Transcribe the full listing without changing a word, and omit its pictures.

Dataset extract |
--- START ---

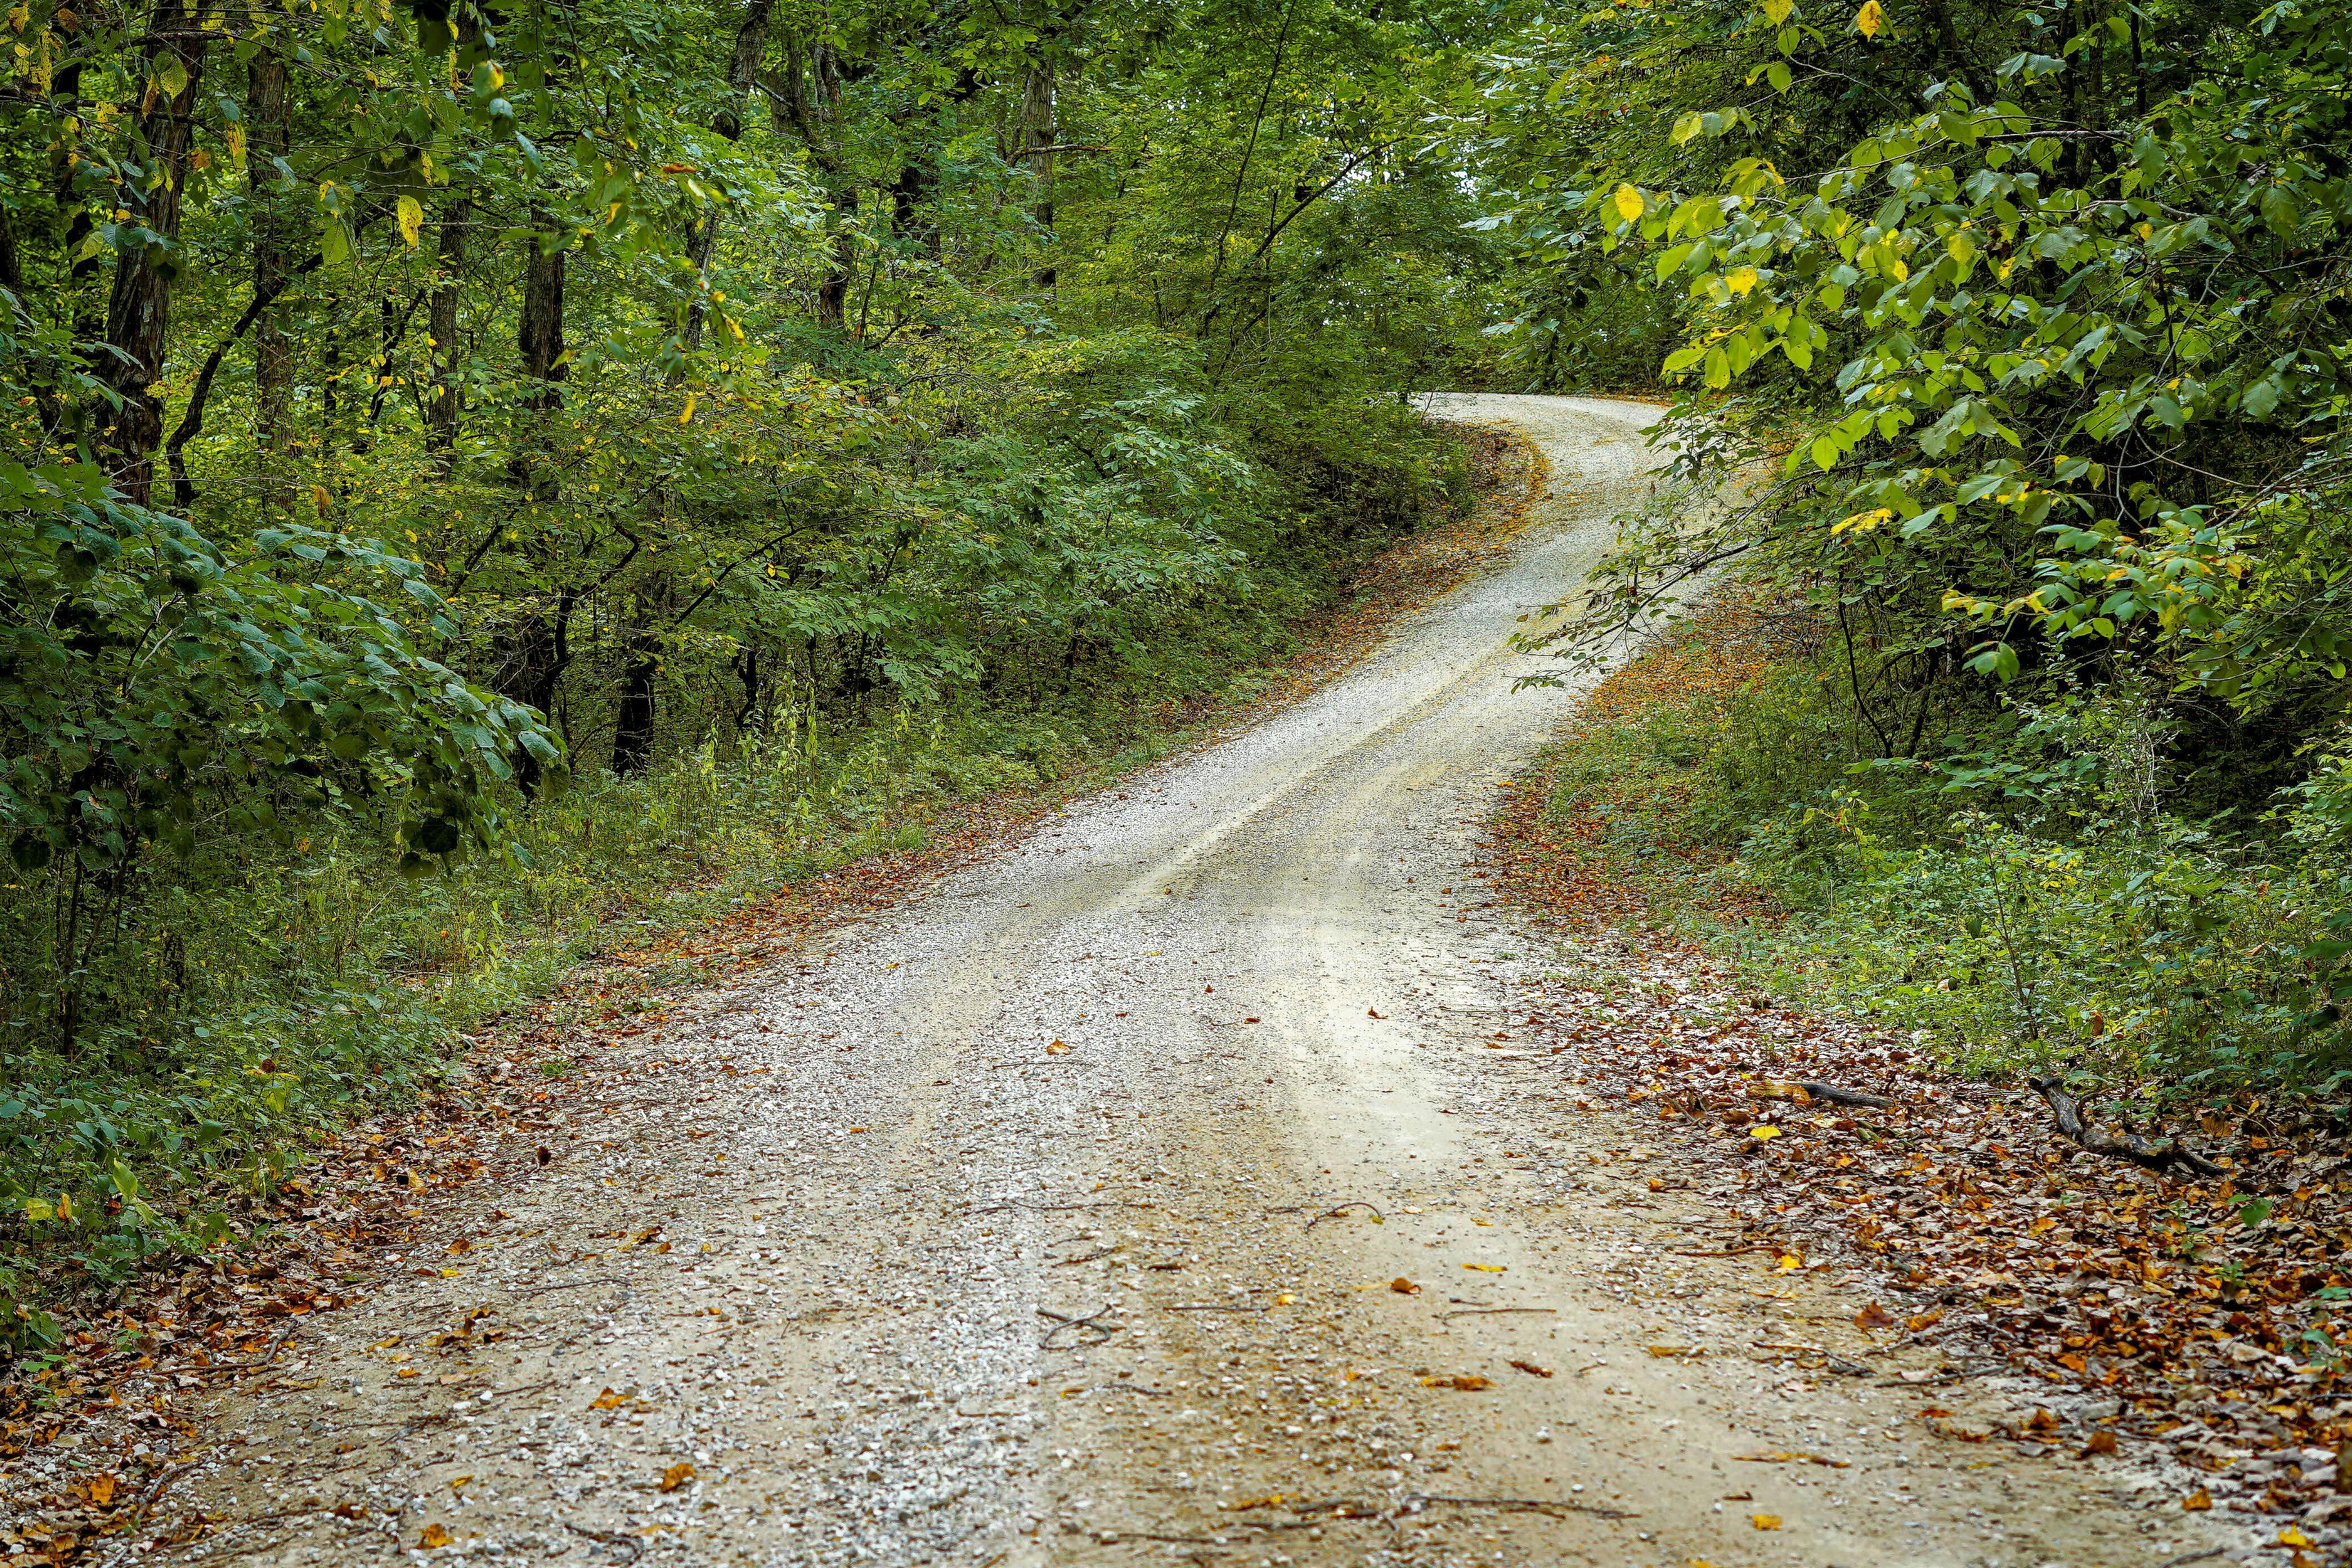 Free stock photo of winding country gravel road tree covered rural
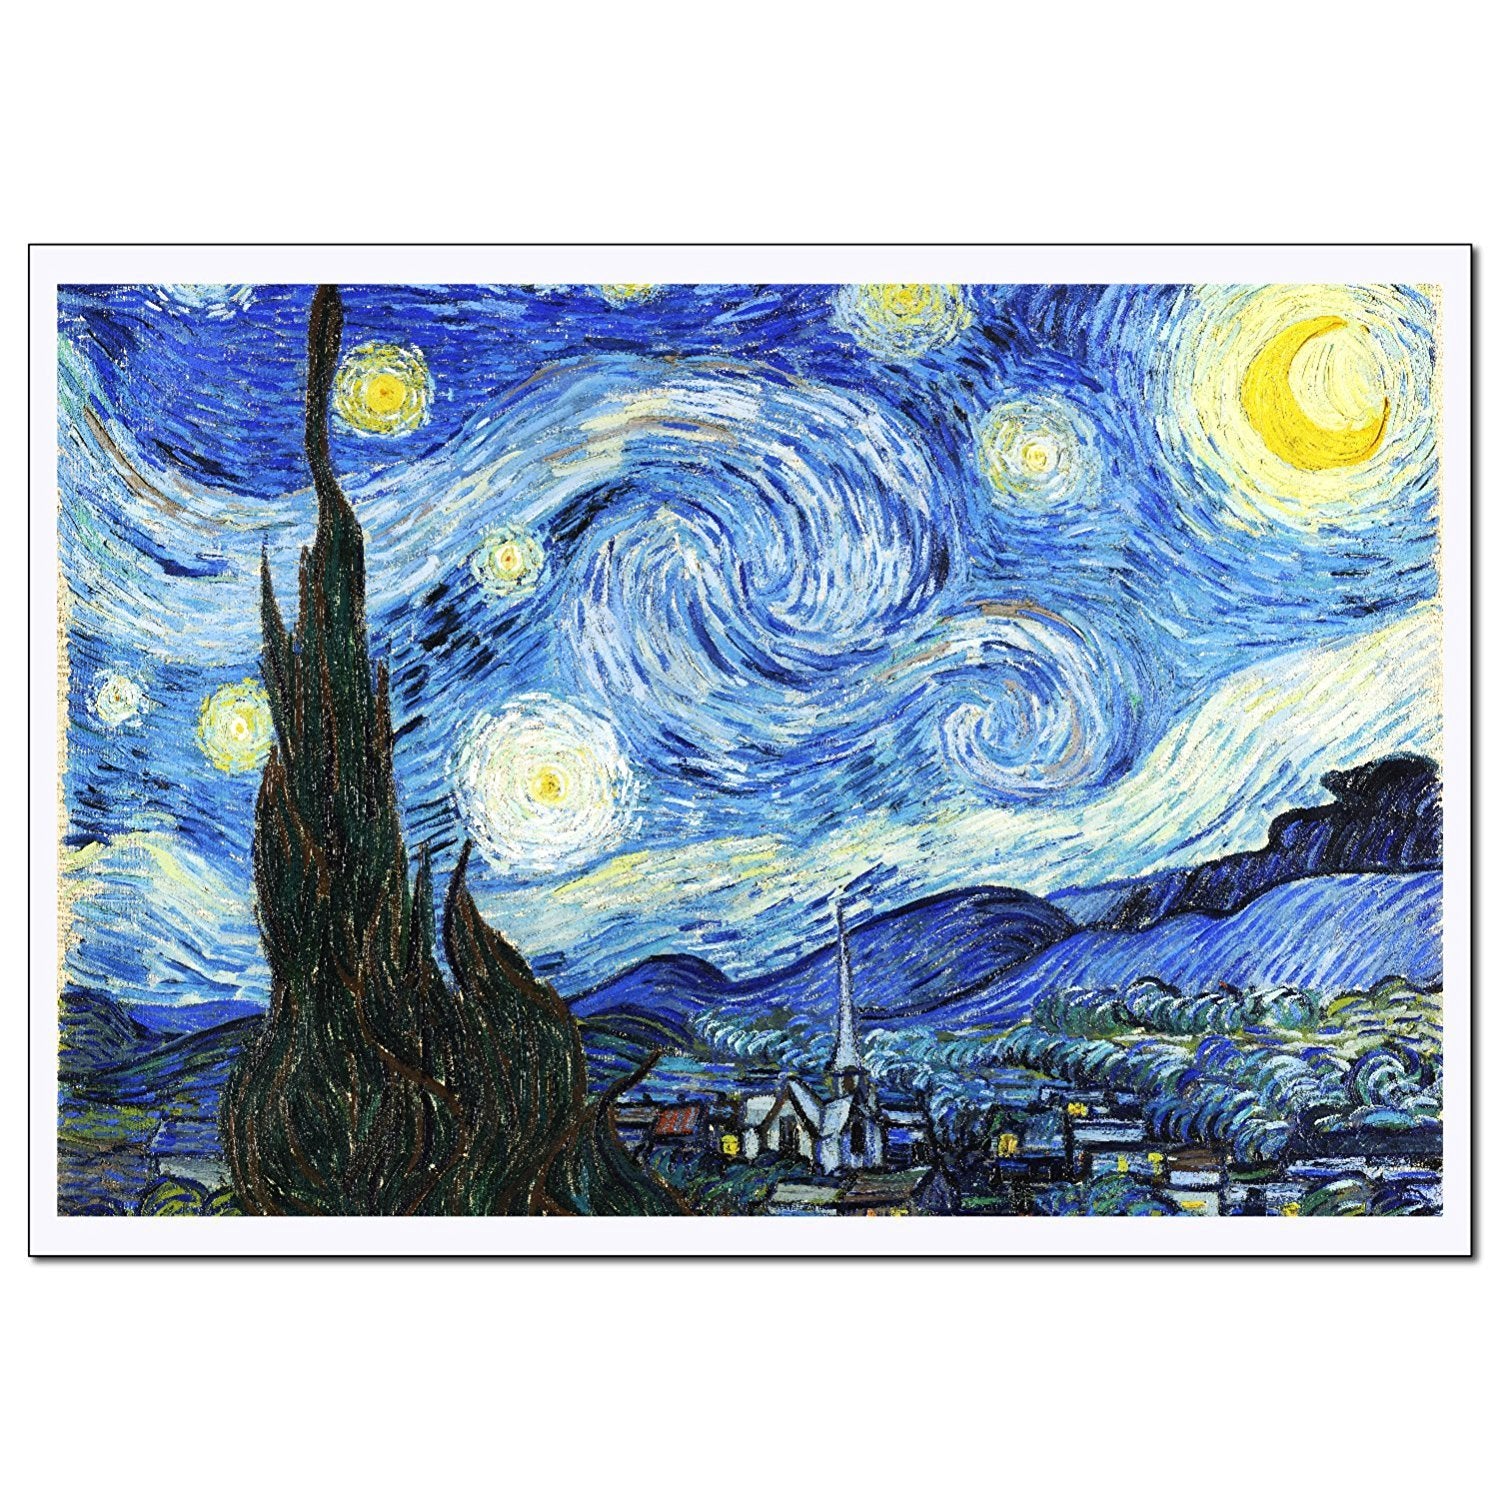 Starry Night by Van Gogh Wall Art Decoration-Oil Paint Reproduction - Young N' Refined
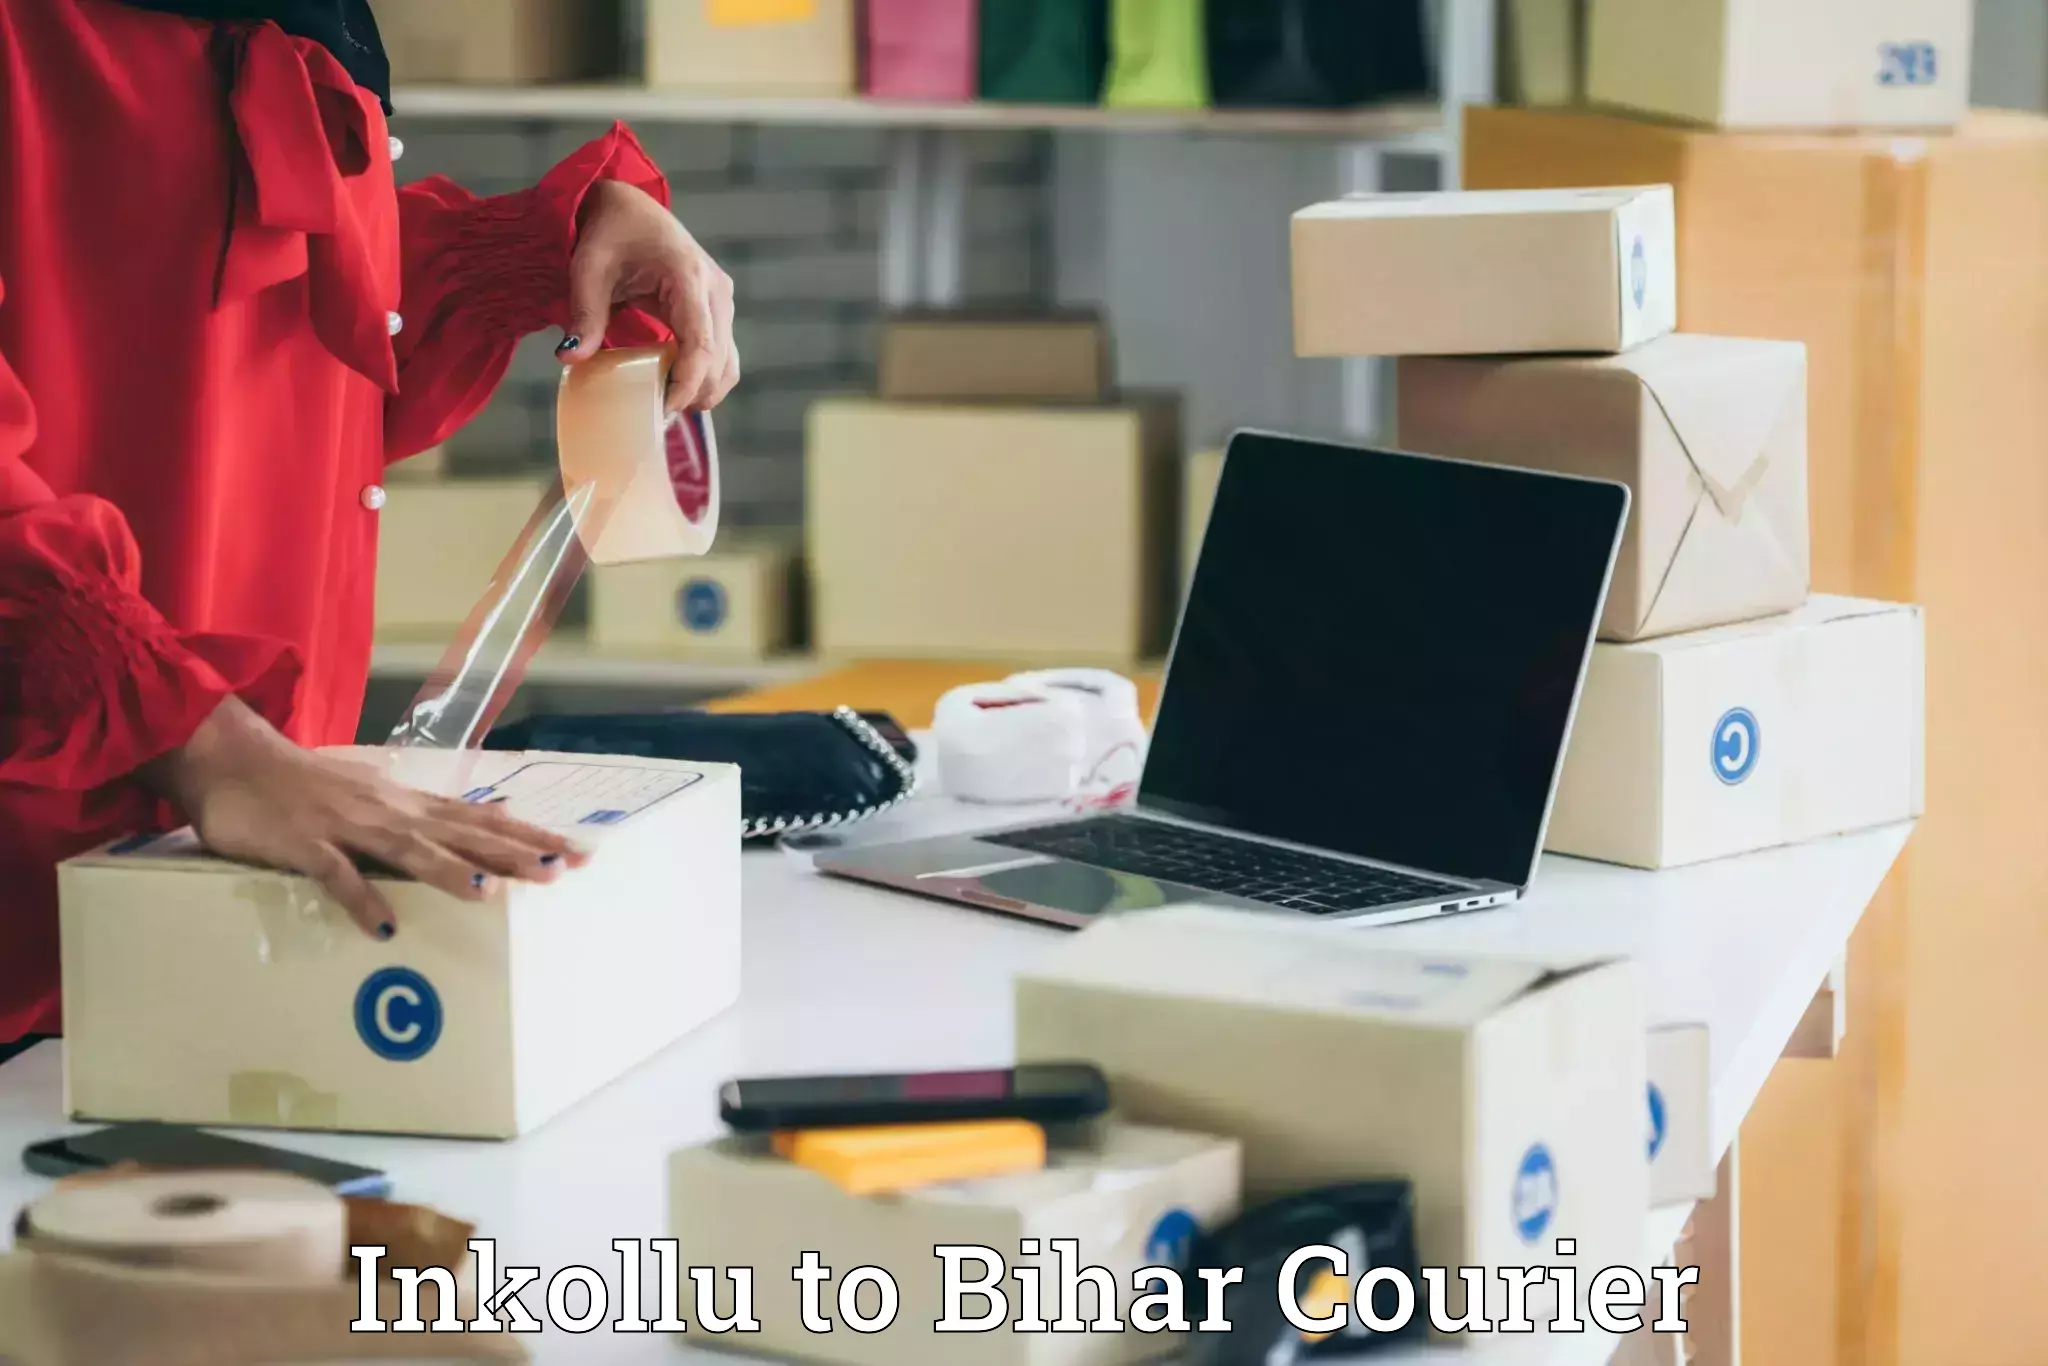 State-of-the-art courier technology Inkollu to Saharsa

--- END ---

Answer |
 Free stock photo of winding country gravel road tree covered rural
 Starry Night by Van Gogh Wall Art Decoration-Oil Paint Reproduction - Young N' Refined
 State-of-the-art courier technology Inkollu to Saharsa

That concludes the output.